The best training strategy is achieved when incorporating intensity pretext tasks across multiple datasets, including the two target domains and the source domain. This is confirmed by comparing the proposed model with other pretext configurations, as it reached \({\text {DSC}} = 0.92 \pm 0.04\), \({\text {HD}} = 13.59 \pm 17.70\), \({\text {Sen}} = 0.90 \pm 0.07\) for T1 and a \({\text {DSC}} = 0.77 \pm 0.18\), \({\text {HD}} = 37.63 \pm 25.40\), \({\text {Sen}} = 0.90 \pm 0.07\) for T2. When dealing with pretext applied on only a specific target dataset (t1-int and t2-int), the performances are better for the dataset on which the pretext was carried out with respect to the other datasets on which the pretext task is not applied, as reported in Table 1. Spec achieved consistently high values of 0.99 in all experiments, underscoring the model’s ability to correctly identify negatives across all cases. A similar trend is observed when applying the pretext task to the two target datasets and not to S (t1t2-int). This behavior is expected as the model has learned features from just one specific dataset while t1t2s-int improves the generalization performance and adaptability across diverse data distributions. This is also evident when qualitatively evaluating the results, as can be observed from Fig. 4. The reduced presence of segmented spots outside the true label region is a critical advancement in IVD segmentation, as it improves the reliability of the segmentation results. This outcome is particularly important in medical applications where precise delineation of the anatomical region of interest (IVDs in this case) is crucial for accurate diagnosis and treatment planning.
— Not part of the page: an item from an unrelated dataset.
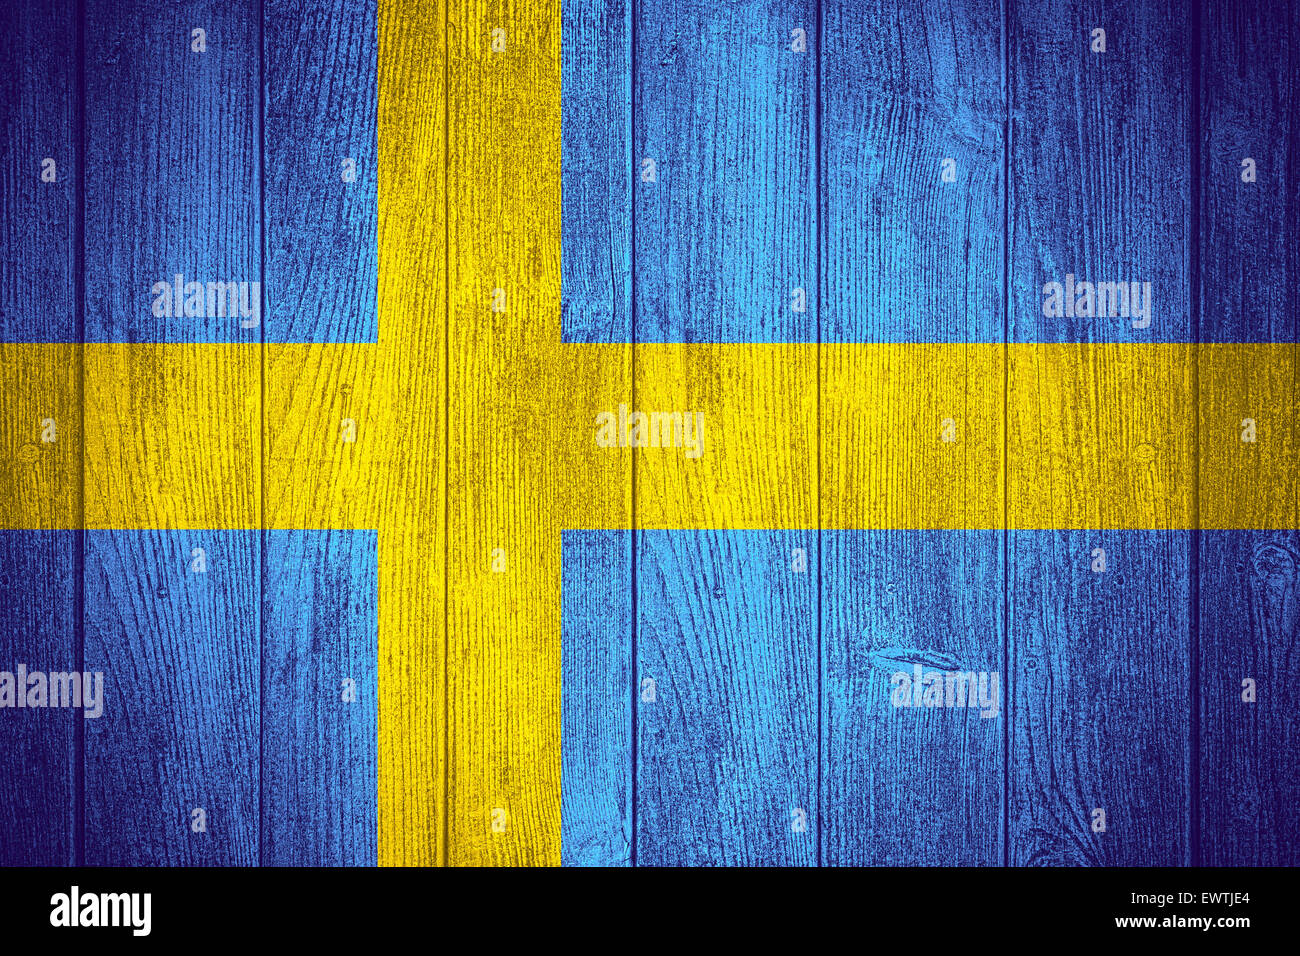 Sweden flag or Swedish banner on wooden boards background Stock Photo

Comparing our novel intensity-based pretext task (t1t2s-int) with a traditional rotation pretext (t1t2s-rot) and with the combination of intensity and rotation pretexts (t1t2s-rot-int), we found the intensity-based approach to be more effective, likely because intensities are crucial in differentiating IVDs from vertebral bodies across diverse MRI devices. Furthermore, our findings suggest that introducing a second task may distract the model from focusing on the primary task, resulting in a degradation of performance. This underscores the importance of maintaining task specificity, particularly in domains where nuances in data characteristics, such as MRI intensities, play a critical role.

Our model showed promising results but had limitations. It was tested on a small dataset; using larger datasets could improve its generalizability across populations and imaging protocols. We initially used a basic U-Net for feasibility; future enhancements could include multi-scale pyramid structures and self-attention modules for better performance [27]. Other future developments include the use of a wider variety of intensity-based pretext tasks such as predicting intensity histograms, shapeless local patch discrimination [22], to investigate to enable the model to learn more comprehensive and adaptable features. Additional adversarial loss could also be exploited to further reduce domain shift and improving model generalization [13].

Conclusions

In our study, we developed an innovative unsupervised domain adaptation method for IVD segmentation, using a dual-task model for segmentation and intensity distortion. Trained on unlabeled multi-domain data, the model learns domain-invariant features, enhancing MRI dataset segmentation. This strategy overcomes intensity variation challenges, outperforming traditional models like U-Net, presenting a promising direction in medical image analysis.